Marxists do not judge historical political characters accordingly to whether they have been good or bad people either in some ambiguous idealistic moral political sense or in the individual sense of being good or bad to his family, friends and all. What matters is which class the politics of the person in question represents.
Now, with Stalin we are talking about the chief representative, the face of a regime that murdered thousands of communists and revolutionary, militant and class-conscious workers, the overwhelming majority of the Bolshevik Party of 1917 as well as the overwhelming majority of the central committee of the Bolshevik Party of 1917. He was the face of a regime that in every ideological move it made, in every policy it announced did everything within it's power to attack, weaken and cripple the revolutionary consciousness obtained by the working class who made the October Revolution.
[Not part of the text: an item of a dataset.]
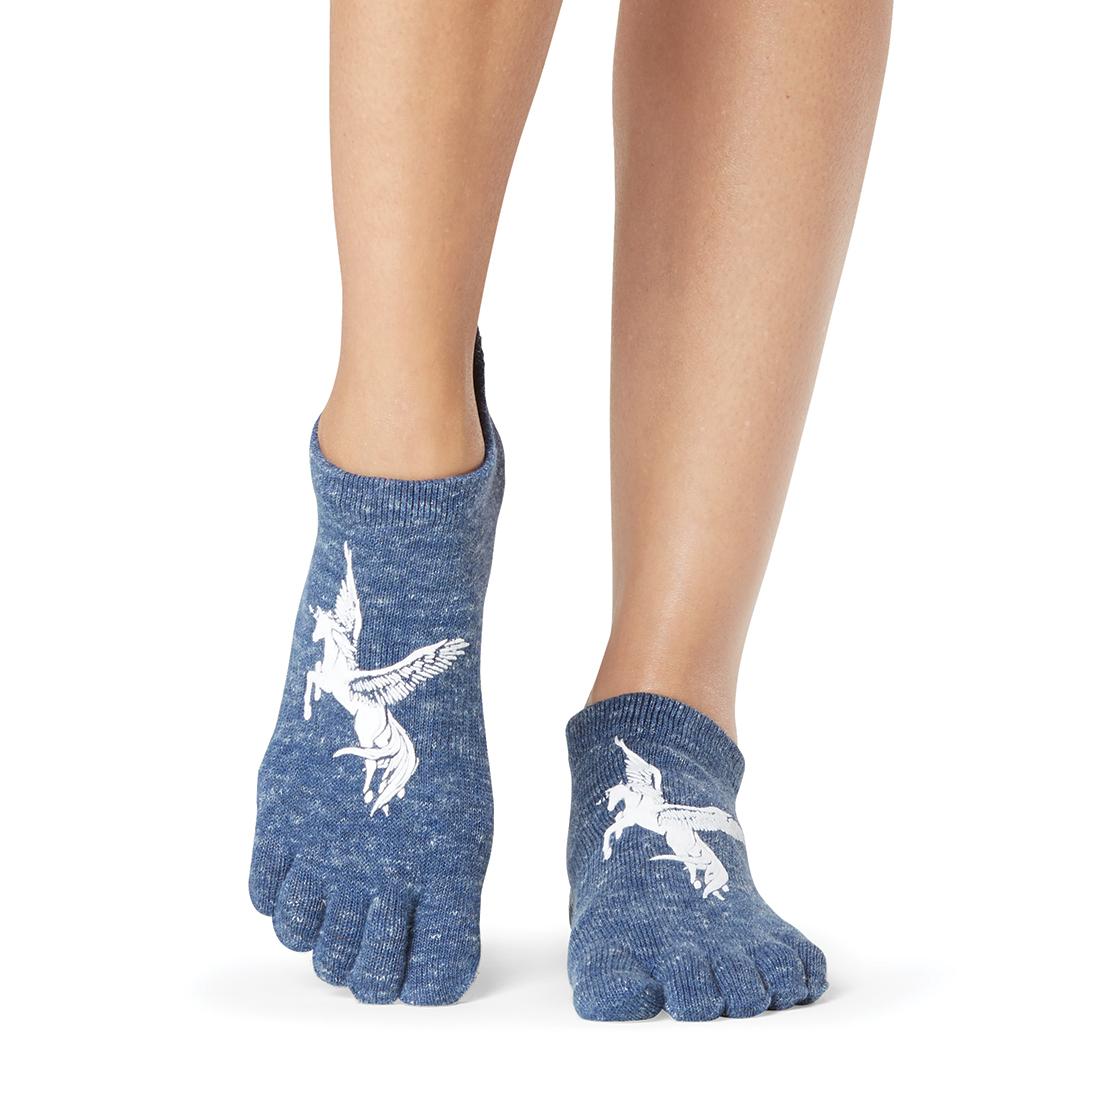 Yogasocken ToeSox Low Rise Full Toe Pegasus - 1

The face of a regime that viciously attacked the internationalism of the world workers' movement by putting forward the theory of "socialism in one country", advocating Russian nationalism and turning the communist parties in the world into mere instruments of it's interests by destroying even the tiniest dissidence in those parties. The face of a regime which were defenders of those who managed factories, those who commanded armies, those who were high in the hierarchy of bureaucratic institutions. The face of a regime that was imperialist, mobilized millions and sent them to death for it's imperialist interests and occupied half of Europe and formed satellite states there.
He was the face of the reactionary, counter-revolutionary regime in Russia, he was the face of the Russian bourgeoisie rising from it's ashes. He was the gravedigger of the Russian Revolution. Whether he was good person or a bad one, whether he had good intentions or was malicious is hardly relevant in the face of the class, the regime he represented.